2021 Mid-Year Texas Apartment & Economic Outlook

The economic recovery continues due to increasing COVID-19 vaccination rates that have allowed the reopening of the economy. Based on the most current data from the Texas Department of State Health Services, 54.5 percent of the state’s population is fully vaccinated1. Unfortunately, after months of decline in COVID-19 cases, the number of new cases has increased because of the number of people not yet vaccinated and the emergence of the Delta variant, which has shown to be more contagious. This has increased uncertainty surrounding the end of the pandemic. Until the virus is beaten, a full recovery cannot be secured.

Growth prospects for the Texas economy have improved for 2021 because of the economy’s reopening and, to some extent, the uptick in the oil industry. The strong recovery has caused supply-chain bottlenecks, putting upward pressure on prices and raising inflation concerns. Whether inflationary pressures are transitory is uncertain because of unknowns about whether the economy is fundamentally different coming out of the pandemic and the uncharted territory of recovering from a health crisis.

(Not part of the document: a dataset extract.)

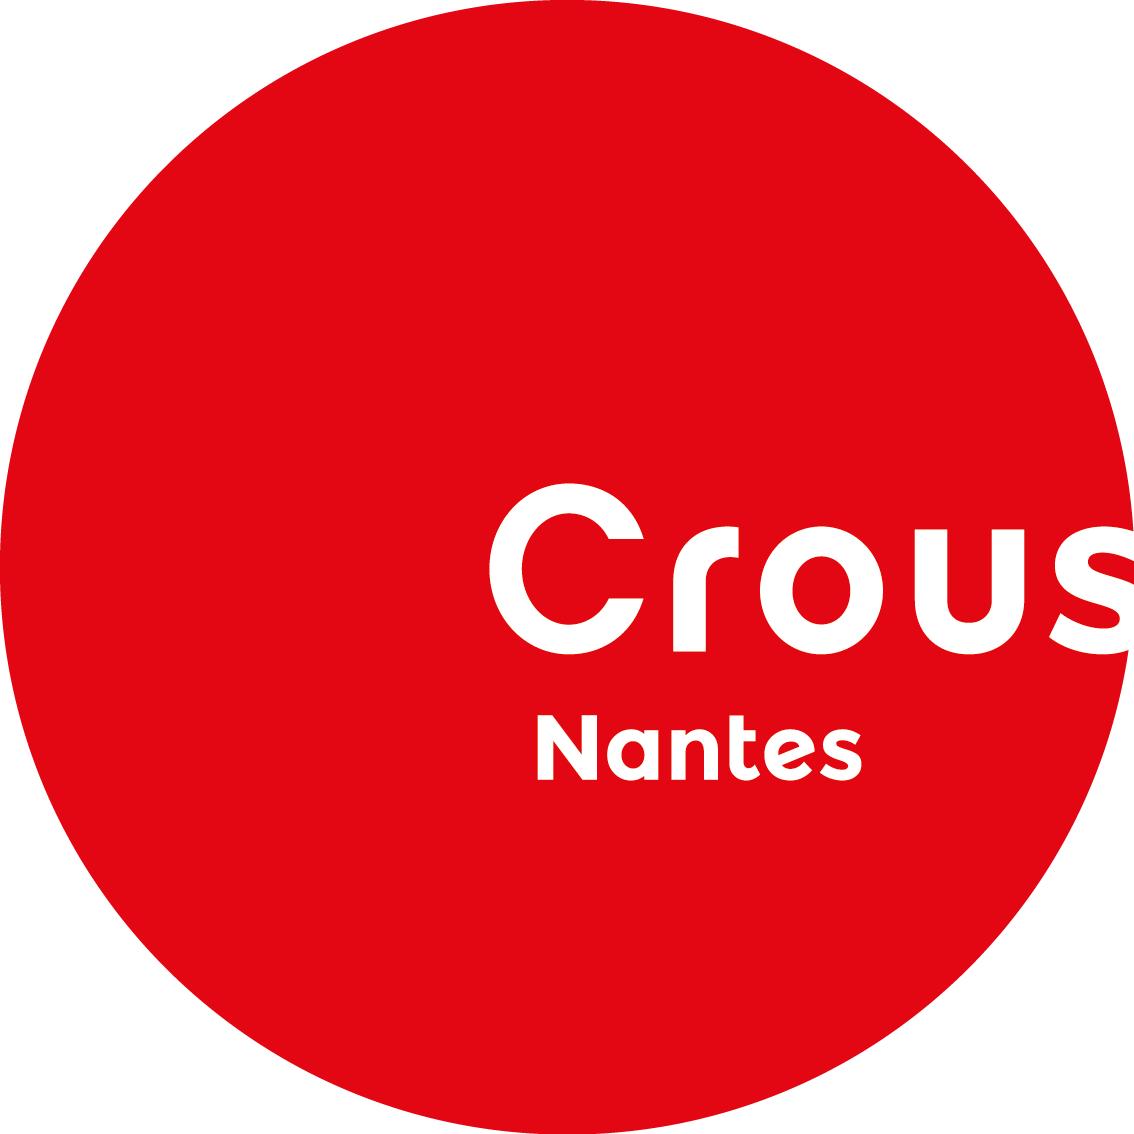 crous nantes

It’s still not clear how different the economy will be coming out of the pandemic as some changes become permanent. It is possible that some structural forces (e.g., the traditional work environment, digital divide) that were prevalent before the pandemic will no longer hold after it ends. Because this recession was caused by a health catastrophe, the recovery path will probably be different than that of previous recessions.